Thank you for your crucial work on disaster prevention, preparedness, and response. Today you focused on two areas: what is working, and most importantly, how can we do better. So what is working?
It is clear that our EU Civil Protection Mechanism is a success story. It was created 25 years ago, and since then requests for assistance have gone up over ten times. This Mechanism has proven its value year after year as a powerful shield of protection, in Europe and across the world. This year alone, it has already been activated sixty times.
Last summer, we pre-positioned around 700 firefighters from 14 European countries in high-risk regions to support local teams against fires that burned more than one million hectares across the EU. This Mechanism also provides strong support to the people of Ukraine, a country living under daily attack. Europeans should be proud of this solidarity.
Today you also rightly focused on how we can do better to prepare for this more dangerous world. We find ourselves in a grey zone: we are not at war, but we are not at peace either. In recent years, we have lived through a series of wake-up calls: COVID-19, Russias war against Ukraine, and more frequent natural disasters due to climate change.

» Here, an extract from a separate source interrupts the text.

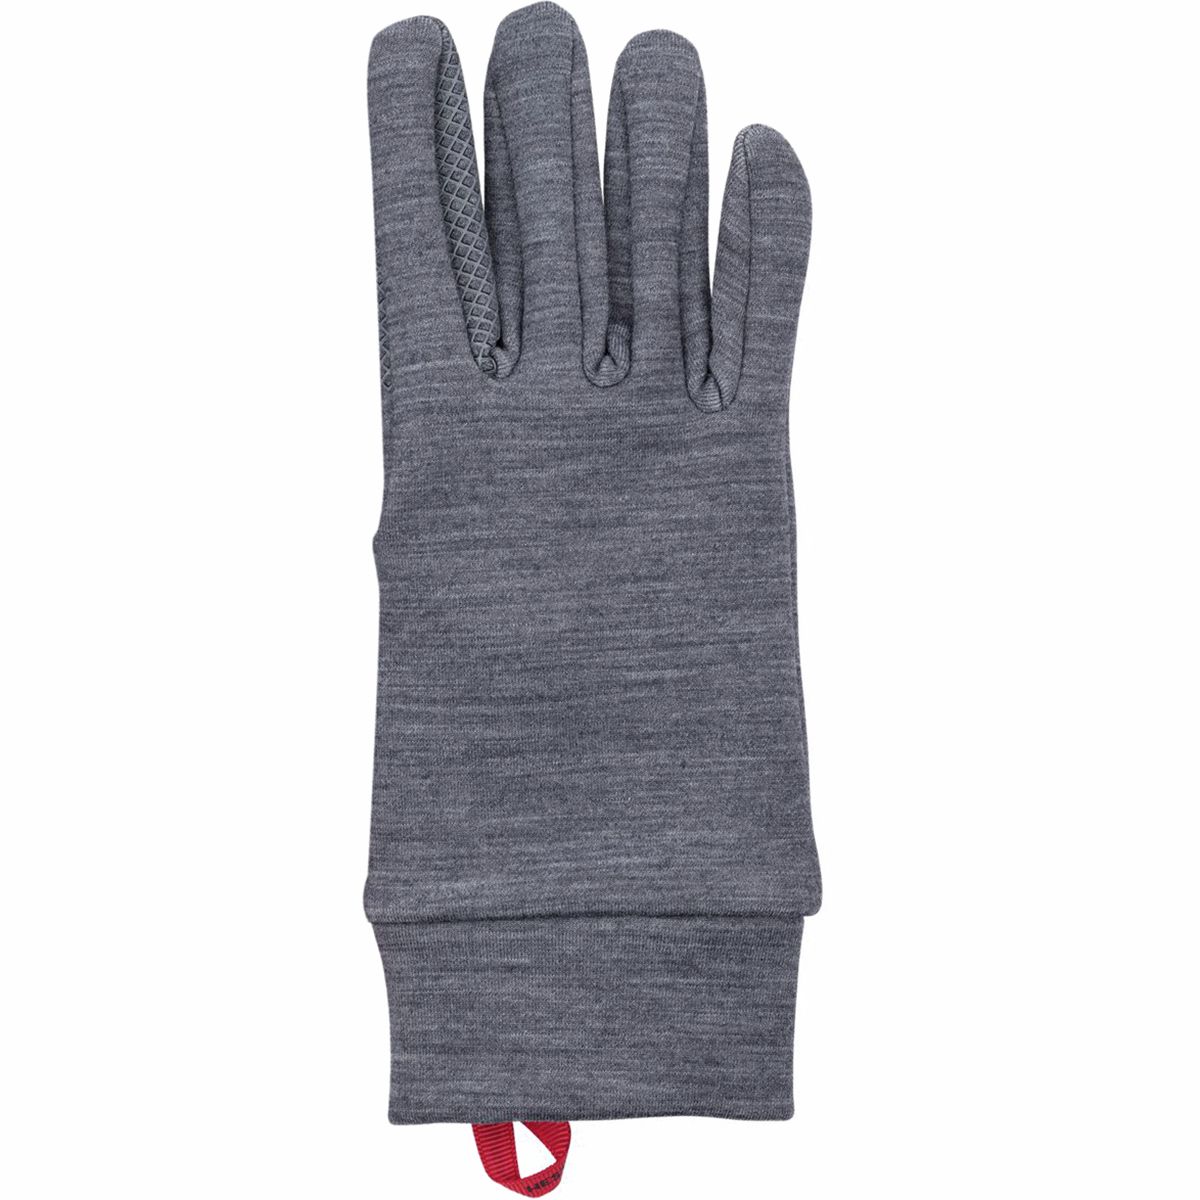 Hestra Touch Warmth Glove Liner Grey

Hybrid and cyberattacks are growing. Drones fly over borders. Infrastructure is sabotaged. And our democracies are even being targeted. During the recent elections, Moldova suffered 14 million cyberattacks in a single day.

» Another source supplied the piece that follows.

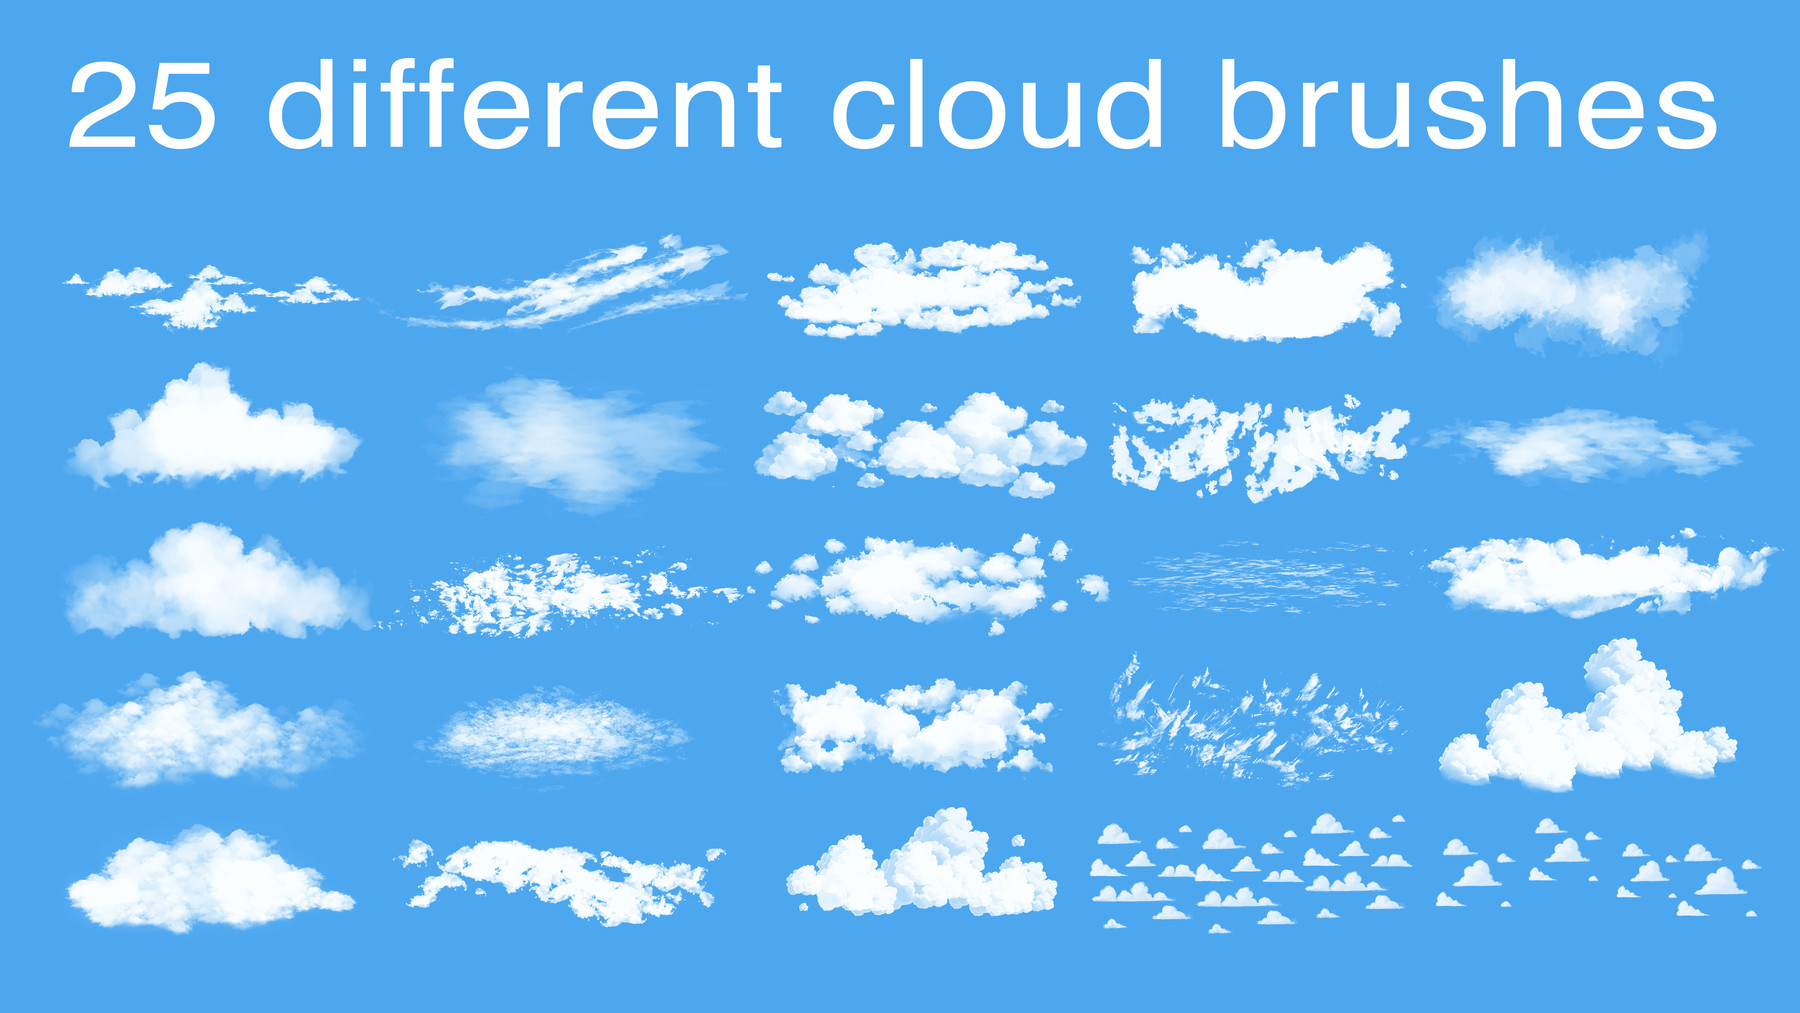 cloud brush illustrator download

These threats reach into every corner of our societies: our power grids, banks, supply chains, raw materials, social media, even the phones in our pockets. This is what modern aggression looks like, so we must adapt.
That is precisely what we are doing with our first-ever EU Preparedness Strategy and our proposal for an upgraded Civil Protection Mechanism. We are building a new era of European security, where everyone knows what to do and acts together when a crisis hits. Less reacting, more anticipating and preparing.
Our Preparedness Strategy follows three simple principles. First an all-hazards approach: assessing every risk, natural or man-made, and how these risks cross sectors. Second, a whole-of-government approach: local, regional, national, and EU levels working in full coordination. And third, a whole of society effort: governments, industry, civil society, volunteers, the military, and citizens.
We are also changing how we build our policies, right from the start. We call it “preparedness by design”. Whenever we develop a new policy or investment, we make sure it achieves two things: makes Europe safer and holds up under stress. This is already part of our proposal for the next European budget. I count on your support to defend our level of ambition on preparedness.
Last July, we proposed to make our Union Civil Protection Mechanism even stronger to match todays challenges. This Regulation brings civil protection, health preparedness, and crisis anticipation into one tool. Less fragmentation and more coordination across sectors.
We are also assisting Member States to manage disasters by strengthening what already works. We are also making sure emergency response and health preparedness are fully connected. I count on you to keep the ambition high as you negotiate the UCPM/HER proposal, and I will be right by your side.
Your decision to dedicate a panel to climate change is the right one. It is urgently needed. The science is clear: within the next decade, global temperatures will likely pass 1.5° Celsius above pre-industrial levels. We dont need a crystal ball to see what a world beyond 1.5° Celsius looks like. We are already living it.
Just last month, Hurricane Melissa, the strongest hurricane ever recorded in Jamaica, and the second most intense in the Atlantic, devastated the Caribbean. It claimed far too many lives and erased years of development. Destructive storms and floods recently hit South and Southeast Asia, causing terrible loss of life, displacement, and damage in Indonesia, Malaysia, and Thailand. The list goes on.
Mitigation alone is no longer enough. Adaptation, prevention, and resilience must now be at the heart of our response. We can be proud that our Civil Protection Mechanism and humanitarian aid reduce suffering and save lives, both at home and in places trembling with human misery, like Gaza, Sudan, Haiti, and Bangladesh.
But we need to go further on prevention and adaptation, and we need to do it across all sectors.
Last Friday, I was in Bremen, in Germany. I visited a local community right next to the River Weser, where storm floods are becoming more frequent due to climate change. This means they now have to evacuate more often.
We cannot wait for the next storm with our crossed arms. That is why our Preparedness Strategy includes a new Climate Adaptation policy. I look forward to working closely with Commissioner Hoekstra on this.
Helping countries and communities build climate resilience and prepare for disasters is not only solidarity. It is also a strategic investment in security and stability.
Preparedness is no longer a niche topic for experts only. It concerns all of us — governments, businesses, the military, and every citizen. We all have a part to play because when everyone is prepared, everyone is safer, and our whole society becomes stronger.
Your expertise and your commitment are essential to keeping people safe across our Union. You can count on me, and I know we can count on you. Together we are building a Europe that is ready for whatever comes next.